“We don’t love Tet for the days off and good food. The whole point of Tet is family getting together and the festive atmosphere that brings people joy” Mrs.Nhung told me when I accompanied her to the market on a chilly spring morning. Tet was drawing near and it was the high time everyone went shopping for the necessary grocery to prepare for the celebration.
After 2 hours spending at the open-air market, we came home and are laden with vegetable of all sorts, fruit, a huge grapefruit that I had to handle with extreme care to keep the stem intact, pork, and a live majestic rooster that Mrs.Nhung had bargained for nearly 30 minutes to reduce the price by one-third. Carrying that much stuff all the way home on foot felt like doing a vigorous workout and I sweated profusely. When I finally got rid of the burden and sit comfortably on the couch catching my breath, Mrs.Nhung walked by and murmured something about our generation having frail health and I was too skinny for an early-twenty young woman. Thuy, my Vietnamese friend, and Mrs.Nhung’s daughter laughed out loud at me and her mother then said she bet Mrs.Nhung was running through her mind about what to cook to help me gain some weight.
Markets while Tet is drawing near (Source: Internet)
I thought that shopping hard for Tet holiday was bad until the real pain happened. Thuy and I had to clean the house inside out to get rid of the evil spirits that still lurking in some corners. Thuy laughed but this time bitterly as she picked up the broom and gave me the lambswool duster. Thuy said cleaning was her least favorite part of this Vietnamese holiday. Another 2 long hours passed by and we finally finished the daunting task. Mrs.Nhung walked by again to check on us and this time with a broom in her hand swept out what looked like a dune of dust from nowhere. Thuy sighed as her mother handed her the broom without a word. We repeated the tiring process until Mrs.Nhung decided that the cleanliness of the house was finally “acceptable”. Thuy leaped with joy and dragged me to her grandparent's house nearby to help them make banh chung as she said it was far more interesting.

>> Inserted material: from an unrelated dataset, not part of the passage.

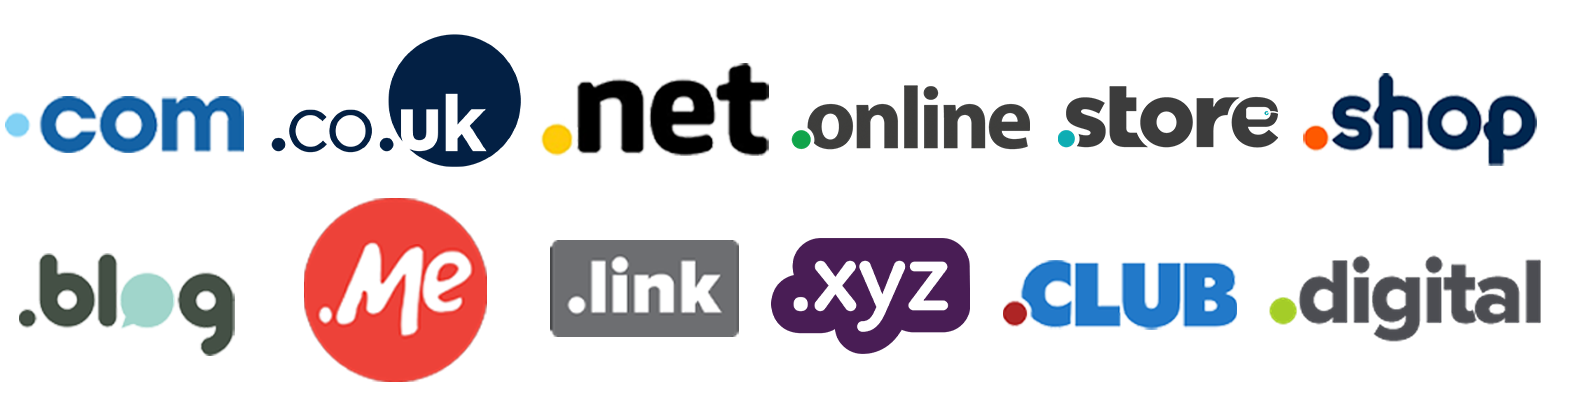 arab4ws.com-domains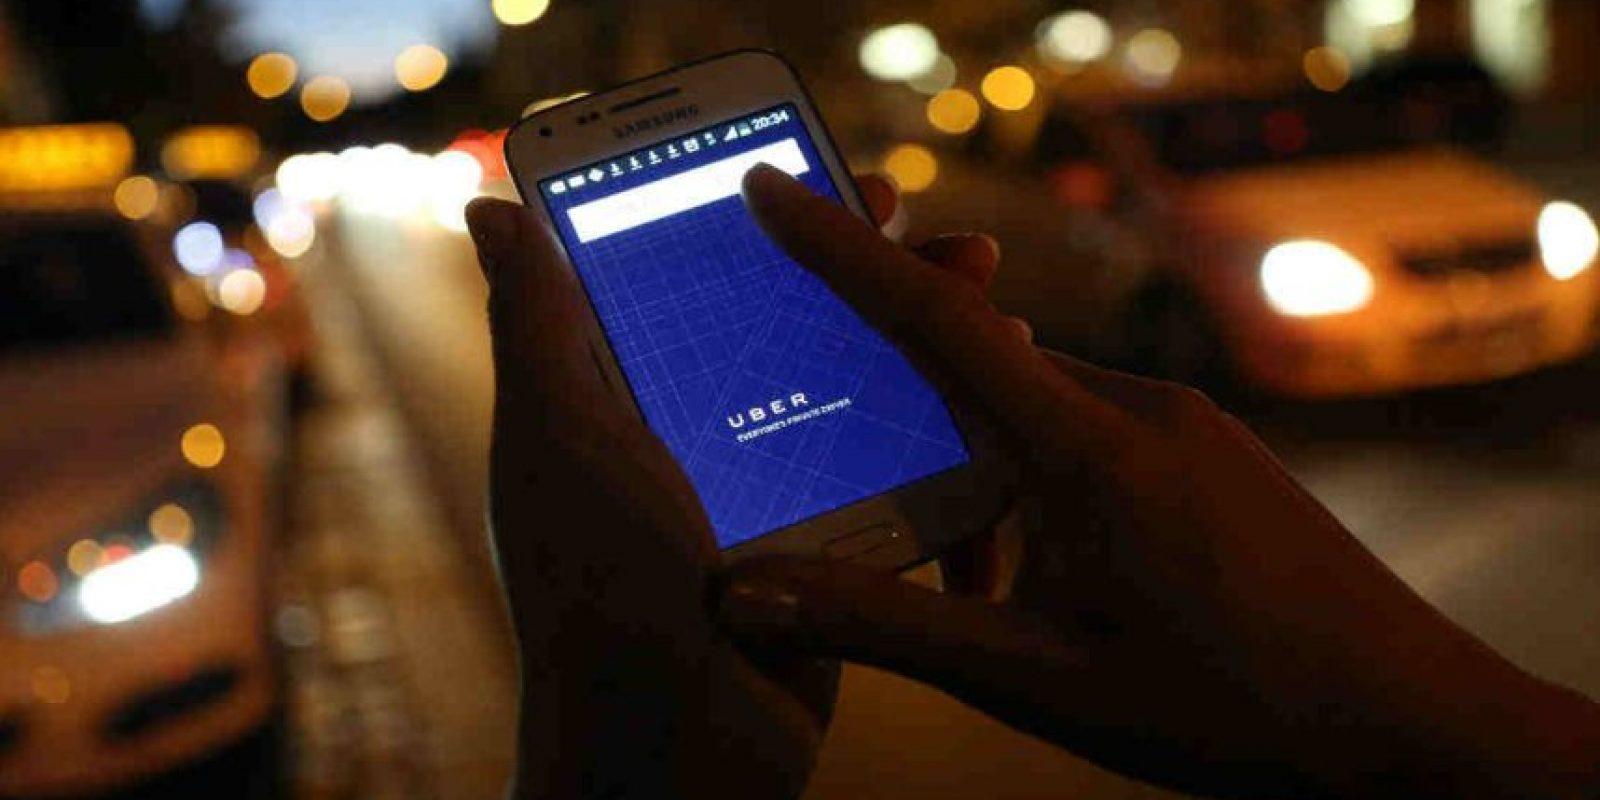 Para registrarse necesitan tarjeta bancaria. Foto:Getty Images

How a banh chung is made (Source: Internet)
We sat on a spotlessly clean floor surrounded by huge bowls of sticky rice, mung bean, pork belly and a heap of la dong (Phrynium placentarium leaf). Thuy reached for two square wooden molds to teach me how to make banh chung. She lined the inside of the mold with some la dong then pour in the rice, mung bean, and pork. When it was completely filled up, Thuy wrapped the leaves, fastened the whole thing with some bamboo strings and carefully removed the mold. It looked so easy that I was eager to try myself. After half an hour, my first banh chung was shaped but not in square. Thuy comforted me by saying that she even made a flat banh chung on her first day and mine was at least edible. They made a fire in the backyard and put on a huge pot, banh chung were fitted inside with fresh water. We gathered around the fire listening to folklore on the origin of Tet and some family traditions told by Thuy’s grandfather. The whole family hung out by the fire like that all night long, talking about their daily lives while youngsters playing cards. That was when I finally understood what I was told in the morning, Tet gives people a reason to set aside everything that troubled them and just enjoyed the quality time with their loved ones, no more work, no more stress, just talk and laugh together.
The next morning, Thuy woke me up to hand me the banh chung that I made the day before along with some tiny ones to give the children. It was the day before the New Year Eve and it was the time we cleanse ourselves. The bathtub was filled with coriander water and we took turn immersed in it. By the time I finished bathing, dinner was ready. I had to say that Mrs.Nhung is a real gourmet as I gulped down everything that she put in front of me. Bamboo and pork soup, pickled onions, Vietnamese sausage…not the healthiest but the best dishes I had ever tasted in my life.
Lucky money for children (Source: Internet)
Thuy took out a deck of 10.000 VND notes and put each one in a red envelope. She explained it is the custom in Vietnam that adults give young children a small sum of money called li xi to wish them health and luck. Plates of fruit, banh chung and chicken were put on the family altar as Thuy’s father bowed and paid tribute to the ancestors by lightened some incent sticks.
A plate of fruit on the altar (Source: Internet)
Thuy, her nieces, nephews and I dressed in brand new clothes and headed out to a nearby lake for the firework show. I could feel that this was the moment everyone was waiting for, firework is no strangers to Vietnamese people but the whole point of seeing it is that they could let the sorrow and troubles of the old year go as the firework explodes and light up the sky.
I spent a few more days with Thuy and her family before heading south to explore Hue. Despite all the foul things that I heard about how reserved people in Hanoi are and how they like to scam tourists, I still love them. You just need to get out of the tourist zone to blend in the life of ordinary people to experience for yourself the authenticity of Vietnam.